Esketamine-propofol anesthesia significantly reduces the risk of hypoxia (SpO < 92%) compared to sufentanil-propofol, while maintaining similar awakening time, satisfaction, postoperative exhaust time, and side events. Its hemodynamic advantages make it valuable for clinical use, especially in procedures requiring respiratory and hemodynamic stability.

摘要

目的

微创旋切术(MIRR)对于乳腺肿瘤的诊断和治疗至关重要,但最佳静脉麻醉方案尚不清楚。艾司氯胺酮是一种具有麻醉、镇痛和拟交感神经特性的N-甲基-D-天冬氨酸(NMDA)受体拮抗剂,可能是丙泊酚镇静的理想辅助药物。本研究旨在比较艾司氯胺酮与舒芬太尼作为丙泊酚辅助药物用于乳腺MIRR期间镇痛和镇静的安全性和有效性。

患者与方法

总共90例接受择期乳腺MIRR的患者被随机分配接受舒芬太尼-丙泊酚或艾司氯胺酮-丙泊酚进行镇痛和镇静。主要结局是低氧血症的发生(SpO₂<92%持续>10秒或呈现持续下降趋势)。

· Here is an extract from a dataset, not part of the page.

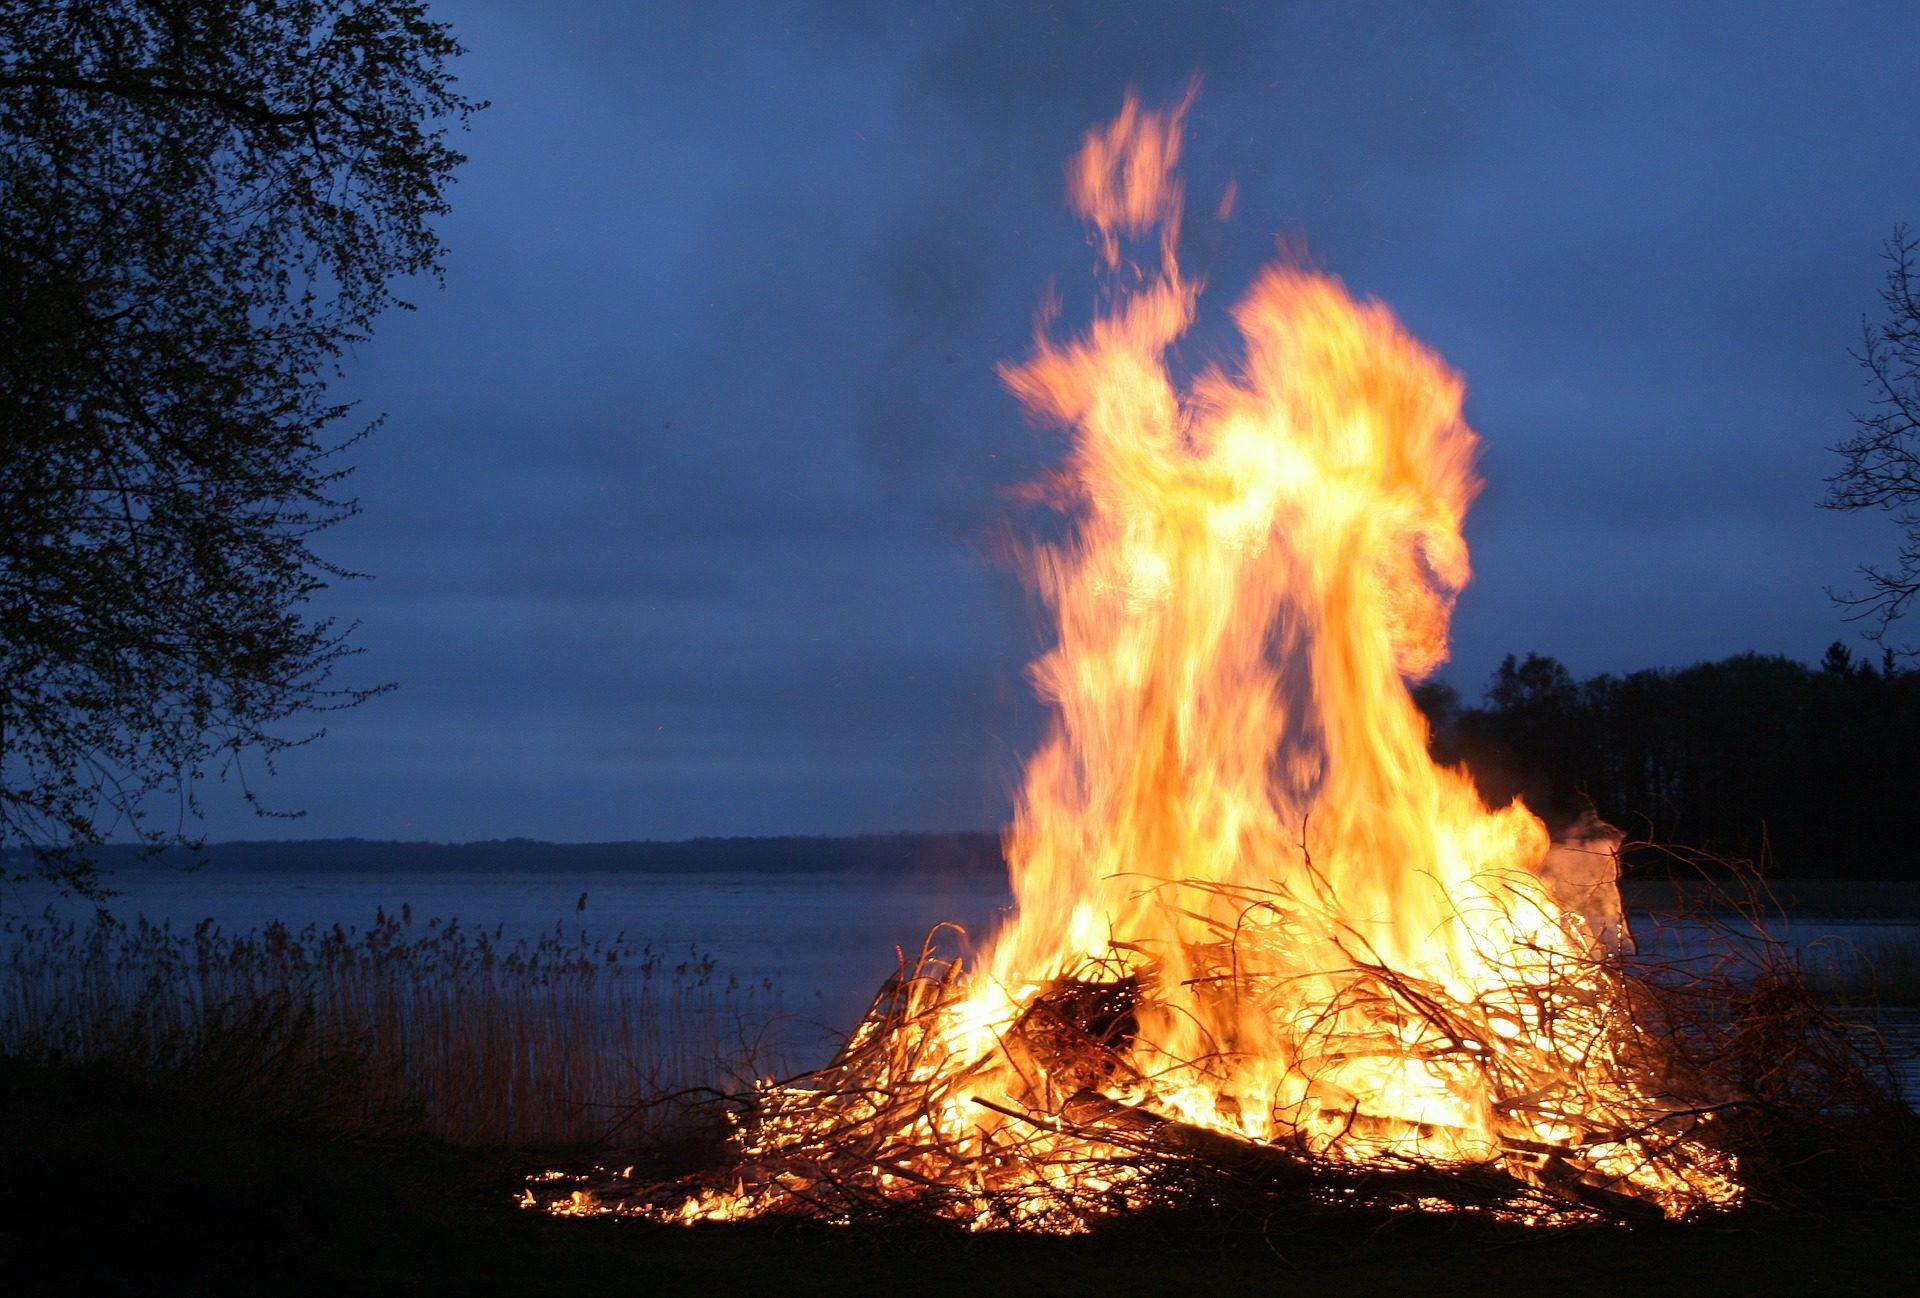 आग, अलाव, candela, रात, झील, गर्मी - HD वॉलपेपर - प्रोफेसर-falken.com

其他结局包括亚临床呼吸抑制的发生率(92%≤SpO₂<95%持续>10秒)、气道干预次数、苏醒时间、满意度评分、术后排气时间、血流动力学参数和不良事件。

结果

最终,41例患者被分配到舒芬太尼组,40例被分配到艾司氯胺酮组。艾司氯胺酮组低氧血症的发生率(17.5%)显著低于舒芬太尼组(39%)(P = 0.032)。艾司氯胺酮组32.5%发生亚临床呼吸抑制,舒芬太尼组为56.1%(P = 0.033)。舒芬太尼组比艾司氯胺酮组需要更多的气道干预(P = 0.032),且舒芬太尼组发生低氧血症的患者接受面罩辅助通气更多(P = 0.029)。艾司氯胺酮组的血流动力学稳定性更好。两组在苏醒时间、满意度评分、术后排气时间或不良事件方面未观察到显著差异。

结论

与舒芬太尼-丙泊酚相比,艾司氯胺酮-丙泊酚麻醉显著降低了低氧血症(SpO₂<92%)的风险,同时保持了相似的苏醒时间、满意度、术后排气时间和不良事件。其血流动力学优势使其在临床应用中具有价值,特别是在需要呼吸和血流动力学稳定的手术中。